Круг Девятирога - страница 27



– Вот он, хватай его! – завопил доносчик, и моё плечо будто зажали в тиски. Я оглянулся. Оказалось, что в этот раз Тринез пришёл не один, а привёл с собой стражника и ещё четырёх человек. Эти четверо, как-то зло прищуриваясь, вглядывались в моё лицо. Особенно злым показался мне один из них, лысина которого представляла собой огромный рубец, как будто в недавнем прошлом на нём вспыхнули и в момент сгорели все волосы. Из всей компании только держащий меня стражник оставался непробиваемо-спокойным. Глядя на него снизу вверх, я, несмотря на дрожь в коленях и холодок под ложечкой, почувствовал невольное восхищение. Это было что-то! Боевая машина десанта в образе человека! От него прямо-таки веяло непреодолимой мощью и смертью. Касерен, отважно бросившийся меня защищать, куклой отлетел к стене, получив короткий удар левой рукой, и остался лежать без движения, а равнодушное выражение на бородатом лице стражника не изменилось ни на миг.

– Ну что, узнаёшь обидчика? – спросил Тринез лысого.

– Как не узнать, узнал! Такого урода трудно забыть!

– Он, точно он,– закивали головами трое остальных.– Ни с кем эту образину спутать невозможно.

– Ну что, крысобакин сын, попался? – зашипел лысый мне в лицо и, похлопав себя по уродливой плеши, спросил.– Где же те роскошные кудри, которые должны были вырасти после применения твоего бальзама?! Смотри, гадёныш, что стало с моей головой!
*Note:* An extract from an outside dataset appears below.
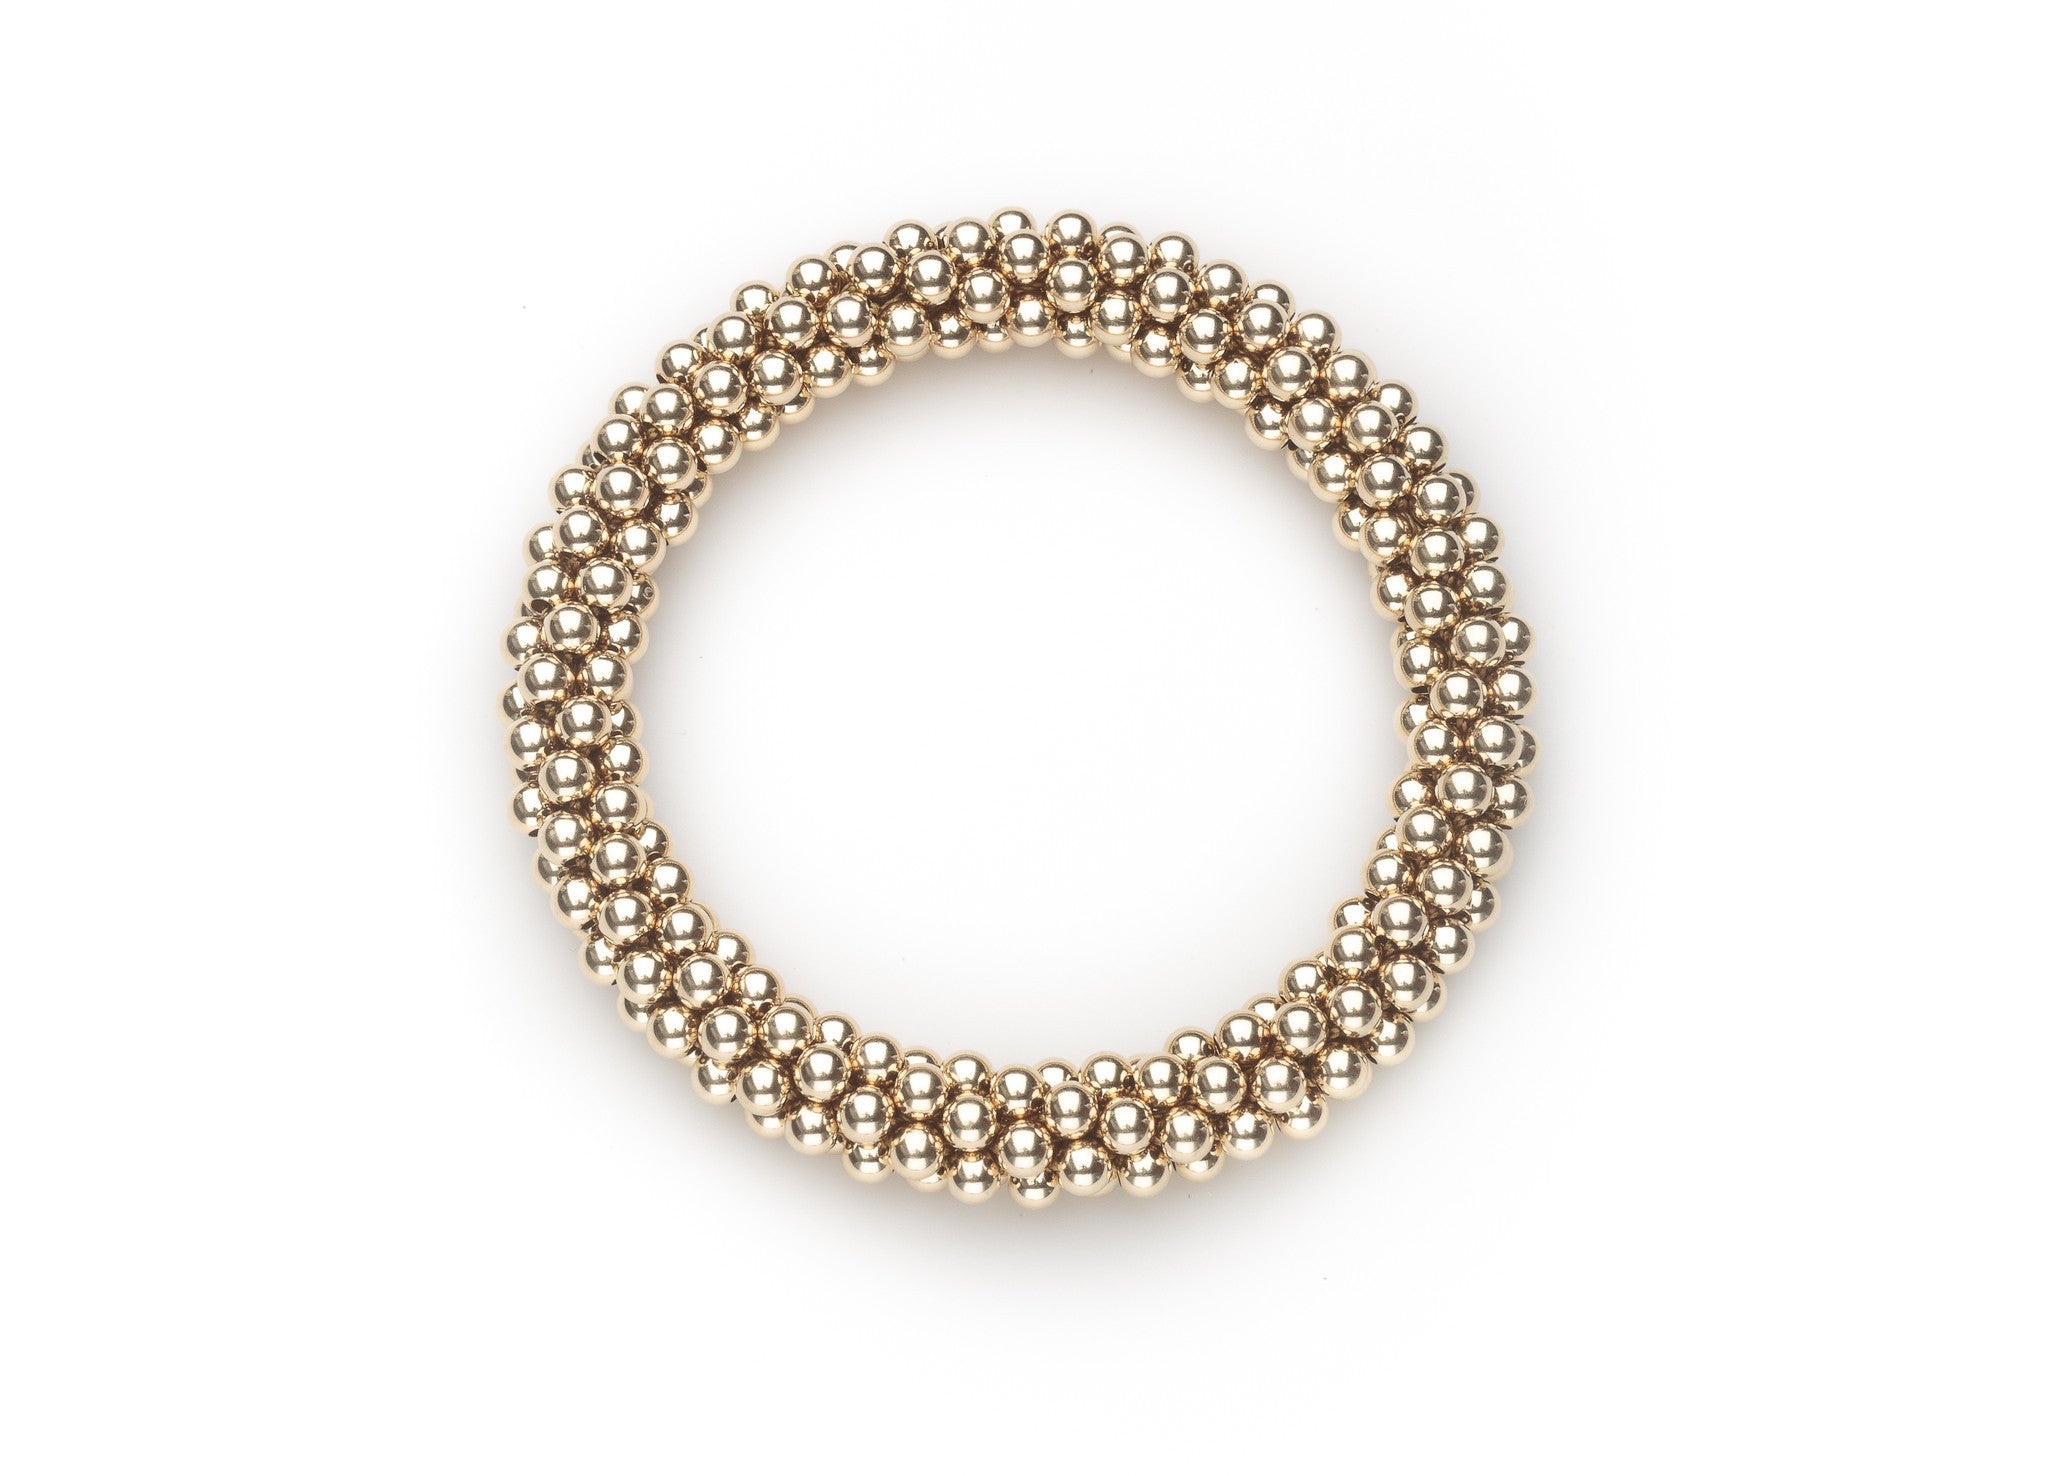 14k Gold-Filled Cluster Bracelets - Standard 4 mm Beads

И за это я заплатил целый катим! Но я с тобой ещё не до конца рассчитался. Вот тебе!

С этими словами он плюнул мне в лицо: ещё один привет от слишком уж часто поминаемого мною Посланника. А лысый продолжал:

– Но окончательно рассчитавшимся с тобою я буду считать себя только тогда, когда собственными глазами увижу, как тебе на медленном огне отжарят левую ногу, как это положено за незаконное врачевание.

– А кроме незаконного врачевания этот мошенник обвиняется в принадлежности к привольным! И я сам, и трактирщик слышали, как он это собственноустно признал! – провозгласил Тринез.
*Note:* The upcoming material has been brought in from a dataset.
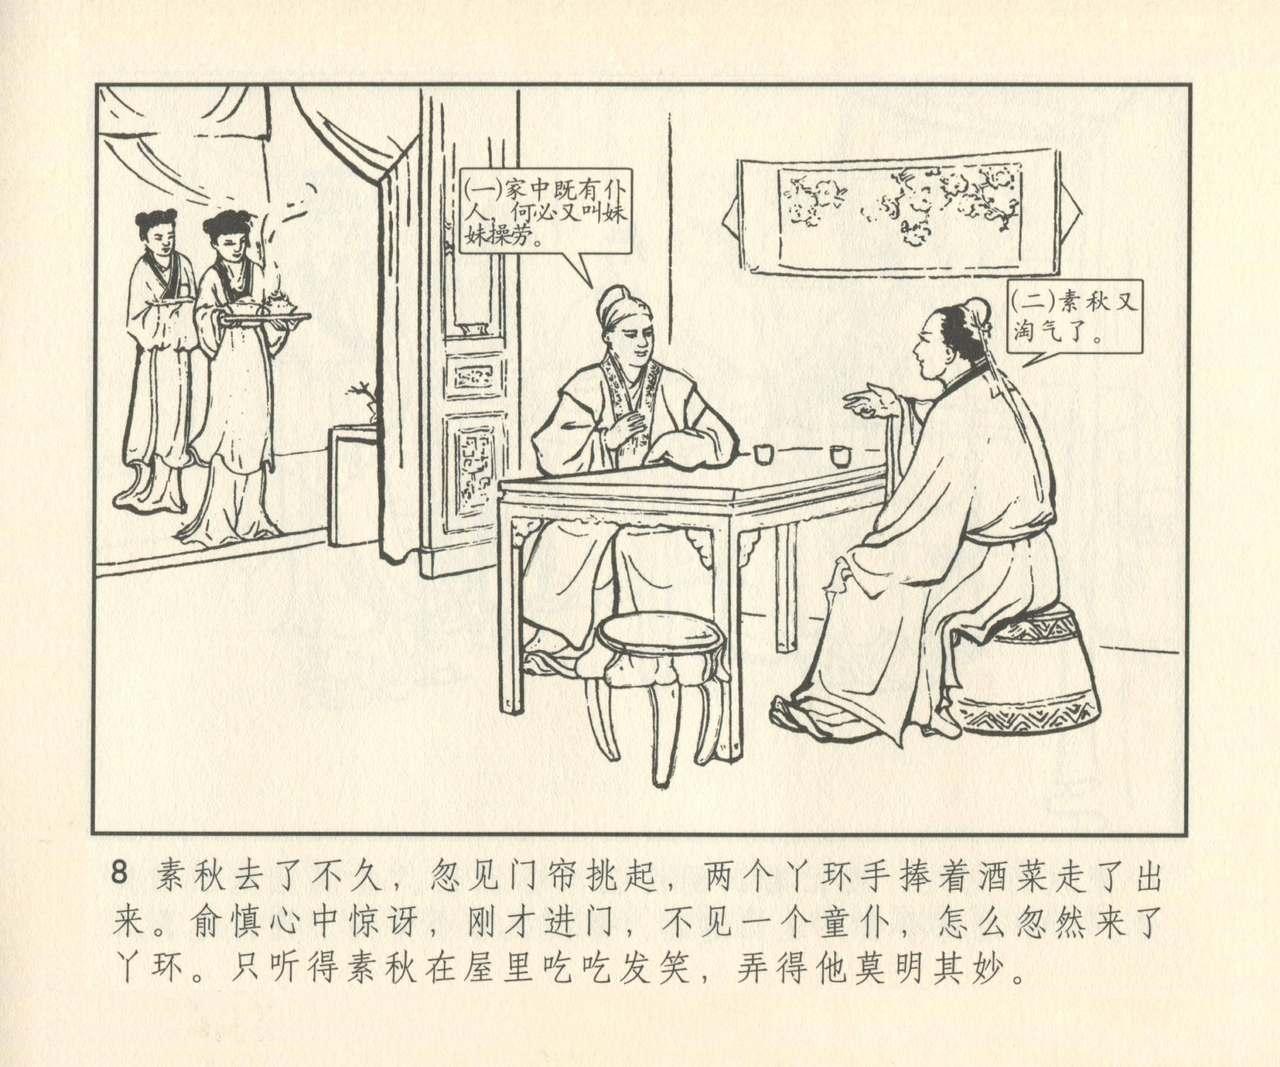 聊斋志异 张玮等绘 天津人民美术出版社 卷二十一 ~ 三十 288

Бледный трактирщик стоял за своей стойкой ни жив, ни мертв, опустив глаза. Понятно, что он подтвердит что угодно: куда ему деваться!

– Веди его в узилище,– приказал Тринез стражнику.– И вот этого прихвати! – указал он на Асия.

– Его-то за что? – возмутился я.

– А для проверки слуха! – съехидничал доносчик.

Всю дорогу до тюрьмы стражник прошагал молча, не обращая внимания на наши с Асием трепыхания. Казалось, он просто не замечает, что в каждой руке у него дёргается по человеку. Нам оставалось только семенить рядом: ощущение такое, словно случайно зацепился за паровоз. Наше незавидное положение усугублял ещё и гнусный Тринез, вприпрыжку бегущий следом и по очереди пинающий то меня, то Асия. В промежутках между грязными ругательствами в наш адрес он самодовольно бормотал:

– Обхитрить меня хотели! До начала войны до вас никому нет дела? Как бы не так! Всех мерзавцев привольных предписано уневоливать, не глядючи ни на ночь, ни на праздник. Так что вам дополнительная наука будет: назавтра война, после, как водится, три дня празднования чьей-нибудь победы, а на пятые сутки о вас, глядишь, и вспомнят, на довольствие поставят. Тухлую воду да гнилые лепёшки принесут. То-то обрадуетесь снеди!

В тюрьме стражник впихнул нас в камеру и, погремев ключами, закрыл на большой висячий замок. Ещё некоторое время покривлявшись перед заменяющей дверь решёткой, ушёл ненавистный Тринез, ехидно пожелав нам приятных сновидений.